Ele explica que tratamentos invasivos costumam envolver injeções no couro cabeludo ou microagulhamento com ingredientes e fórmulas que nem sempre têm evidências robustas para a recuperação capilar. Como exemplos desses procedimentos ela cita a mesoterapia e o PRP, sigla para plasma rico em plaquetas.

“O risco pode incluir contaminação cruzada com vírus como hepatite A, hepatite B, herpes, HPV e HIV, além de infecções bacterianas e fúngicas”, afirma. Segundo ele, a Sociedade Brasileira de Tricologia observou um aumento de 82% nas complicações por procedimentos invasivos capilares nos últimos cinco anos.

De acordo com a dermatologista Bárbara Miguel, do Einstein Hospital Israelita, alguns estudos sugerem que esses tratamentos invasivos podem trazer benefícios quando usados de forma adjuvante, mas ressalta que não existe padronização específica de dose, profundidade, frequência de aplicação ou substâncias utilizadas. Ela afirma ainda que as amostras das pesquisas são heterogêneas, pequenas e não randomizadas, o que compromete a qualidade da evidência.

Os riscos associados a esses procedimentos incluem dor, sangramento, edema, hematoma, infecção local e inflamação. “A infiltração intralesional com corticoide pode causar atrofia cutânea e alopecia cicatricial na área de aplicação, dependendo muito de como essa aplicação é feita, de como é feita a diluição do produto e de qual produto é utilizado”, diz.

A médica afirma que também podem ocorrer infecções mais graves, formação de abscesso, edema frontal, angioedema, reação alérgica e até alopecia paradoxal depois da aplicação.

M., que não quis se identificar, conta que procurou em uma rede social um profissional para tratar falhas no cabelo. Após quatro sessões que deixaram feridas e inflamações em seu couro cabeludo, ele parou no hospital por causa de uma reação alérgica. Depois disso, afirma que passou a conviver com uma alergia crônica, que o impede de usar tinta no cabelo e afeta sua autoestima.

De acordo com Bárbara Miguel, esse tipo de complicação pode ocorrer mesmo quando o procedimento é realizado por um médico habilitado. “O principal é saber se a pessoa está utilizando uma substância que é segura, sabe manejar uma complicação, usa produtos ou tecnologias que são regulamentadas”, afirma.

Em nota publicada em 2024 a respeito do plasma rico em plaquetas, a Anvisa (Agência Nacional de Vigilância Sanitária) afirmou que o PRP é considerado um produto terapêutico de origem sanguínea que pode ser usado em contextos de pesquisa ou em tratamentos clínicos com eficácia reconhecida e recomenda cuidado na escolha de profissionais qualificados.

“Essa prática pode ser extremamente perigosa, pois, além de não atingir os efeitos terapêuticos pretendidos, pode resultar na transmissão de agentes infecciosos graves, como o HIV e o vírus da hepatite“, disse a Anvisa, na ocasião.

Luciano Barsanti afirma que a autoestima do paciente costuma piorar quando há complicações que agravam a queda de cabelo ou alteram a aparência.

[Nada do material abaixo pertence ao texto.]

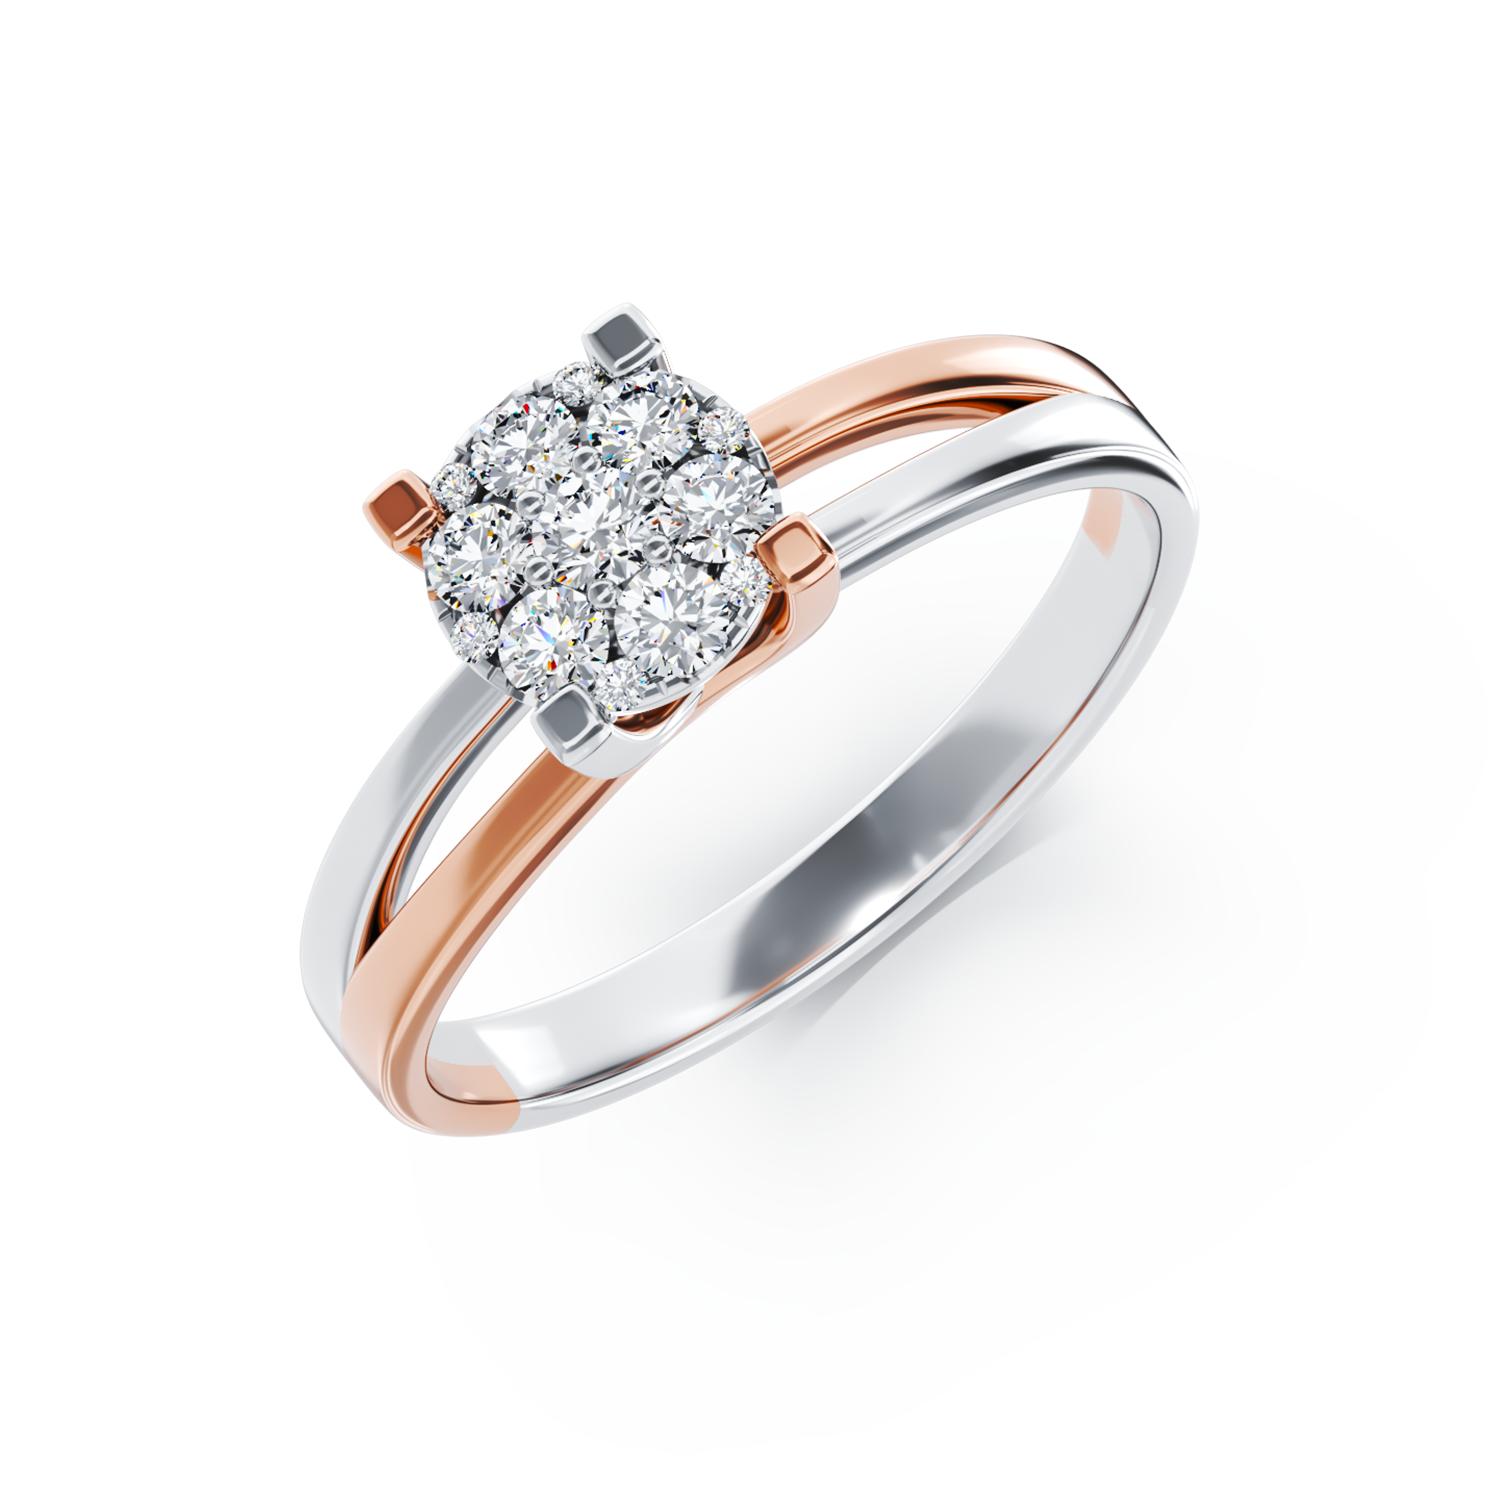 18K white-rose gold engagement ring with diamonds of 0.24ct

Para ele, a dor psíquica também faz parte do tratamento capilar. “A autoestima da pessoa vai afundando, ela vai ficando triste e pode ter até depressão.”

Assim como M., Guilherme também diz que a preocupação com a própria imagem ganhou força em meio às complicações do tratamento injetável.

“Embora eu não seja uma pessoa muito vaidosa, acabei me preocupando porque a minha profissão exige que eu esteja sempre dando as caras. Então eu preciso ter esse cuidado. E também tem algo a ver com confiança, a perda de cabelo está muito vinculada à ideia de estar envelhecendo. Tem uma questão um pouco também de vaidade, sim”, diz.